It took a little over a month (and after Halladan returning the favour and calling him an ass and more besides in no uncertain terms) before Arvain finally swallowed his pride and came to visit Morfinniel. The change in his behaviour towards Hisaeleth was immediately apparent – the feelings he had for her were made plain for all to see and he showed her nothing but generous tenderness and concern.

Just as Penny had predicted, though, Hisaeleth did not believe him at first, assuming it was the lead up to some pointless trick or means of laughing at her. However, Arvain persisted and refused to react to even the harshest of insults she could throw at him, which in itself amazed and stunned Hisaeleth into coming close to accepting the truth. It took time, but at last, hesitant and scared it still might entirely backfire on her, she said a kind word to him - and Arvain leapt on it as a sign and actually, physically danced a jig round the entire outside of Faelon’s house till Hisaeleth was laughing and pleading with him to stop.
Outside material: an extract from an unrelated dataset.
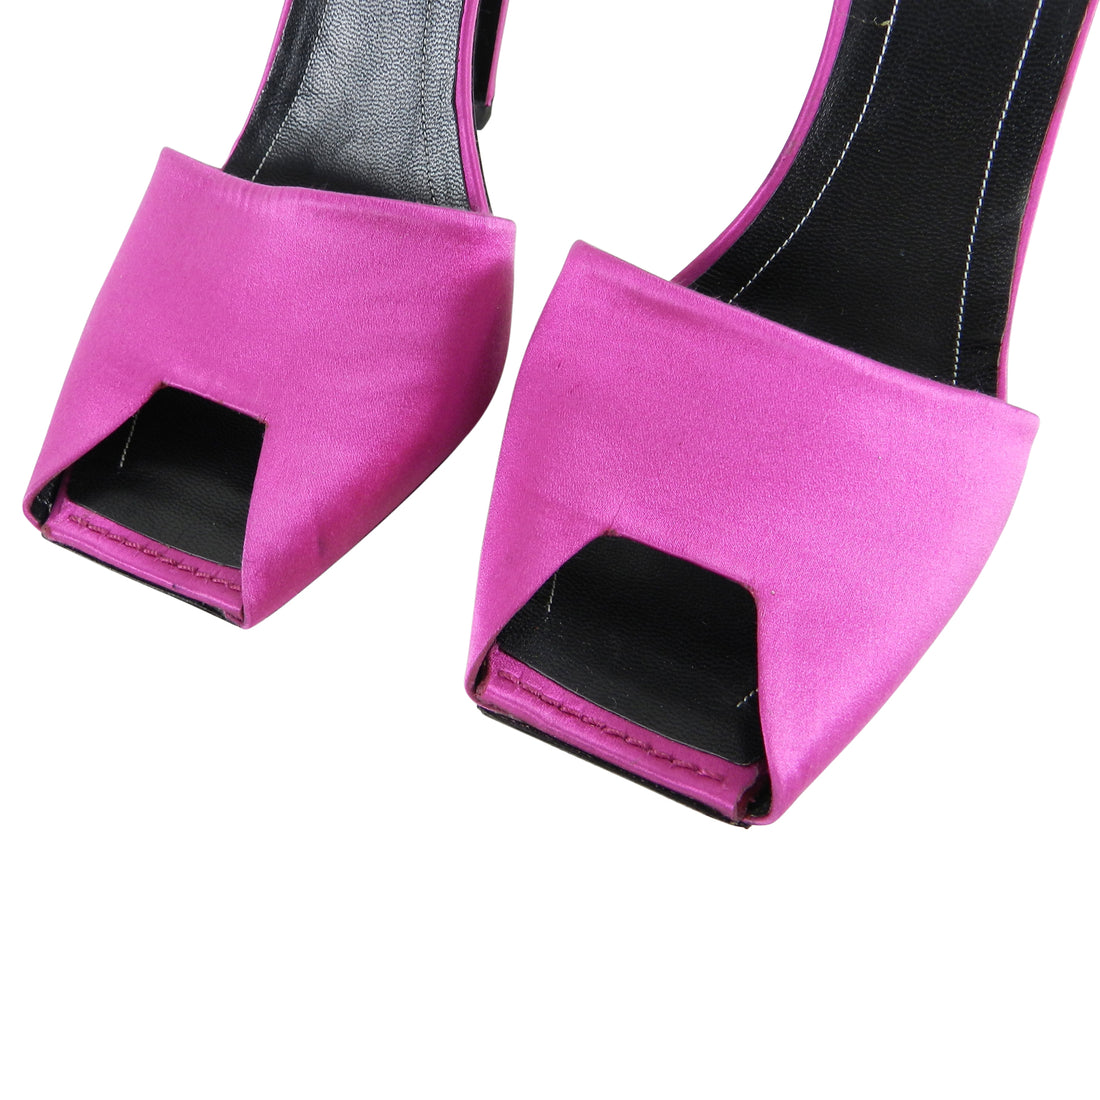 Balenciaga Hot Fuchsia Pink Satin “Broken Heel” Peep Toe Sandals - 39.5

A year after Mireth and Celebdor married, it was the turn of Penny and Halladan. It was a traditional Dunedain ceremony, held locally, and though Mireth had supervised the making of Penny’s dress, it was made in the Dunedainic style. She and several elves from Imladris came to the nuptials, not simply as personal friends of the bride and groom, but also because of who Halladan was and the respected family line he came from: they came to honour Halbarad’s eldest son as much as Halladan himself. Elrond did not come – he did not travel outside of Imladris much by that time, confining himself to thoughts of sailing West and seeing Celebrian once more – but his sons both did, as much to represent him. The one surprise for Penny was that Eleniel was there, recently arrived in Imladris from Gondor having excused herself from the service of Queen Arwen.

Then came the autumn, and while Imladris did not fall silent, it was never the same again.

The last Penny saw of Gandalf, Bilbo, Elrond, Glorfindel, Mireth, Eleniel, Lindir, Erestor and Celebdor was when Halladan brought her to Imladris in high summer, a month before the exodus, to say her farewells. It was a tearful and distressing few days for her, but she was glad she got the chance to do it. She wished them all well, and even felt brave enough to refer to lost loves to Lindir and Eleniel, hoping they would find them well and marry at last. Many Galadhrim were there, some of whom she recognised, and still others had already made their way across the mountains and headed on to meet Cirdan. Galadriel wished her well and hoped her marriage would be a happy and fruitful one. Celeborn had stayed behind in Lothlorien, his farewells already made.

The atmosphere in Imladris – heady with excitement and sorrow equally mixed, memories walking the corridors along with hopes and dreams of those they would once more meet again – was such that Penny was glad to leave at last. Even so, the depression after Halladan brought her home again was so severe he came close to taking her back to Imladris.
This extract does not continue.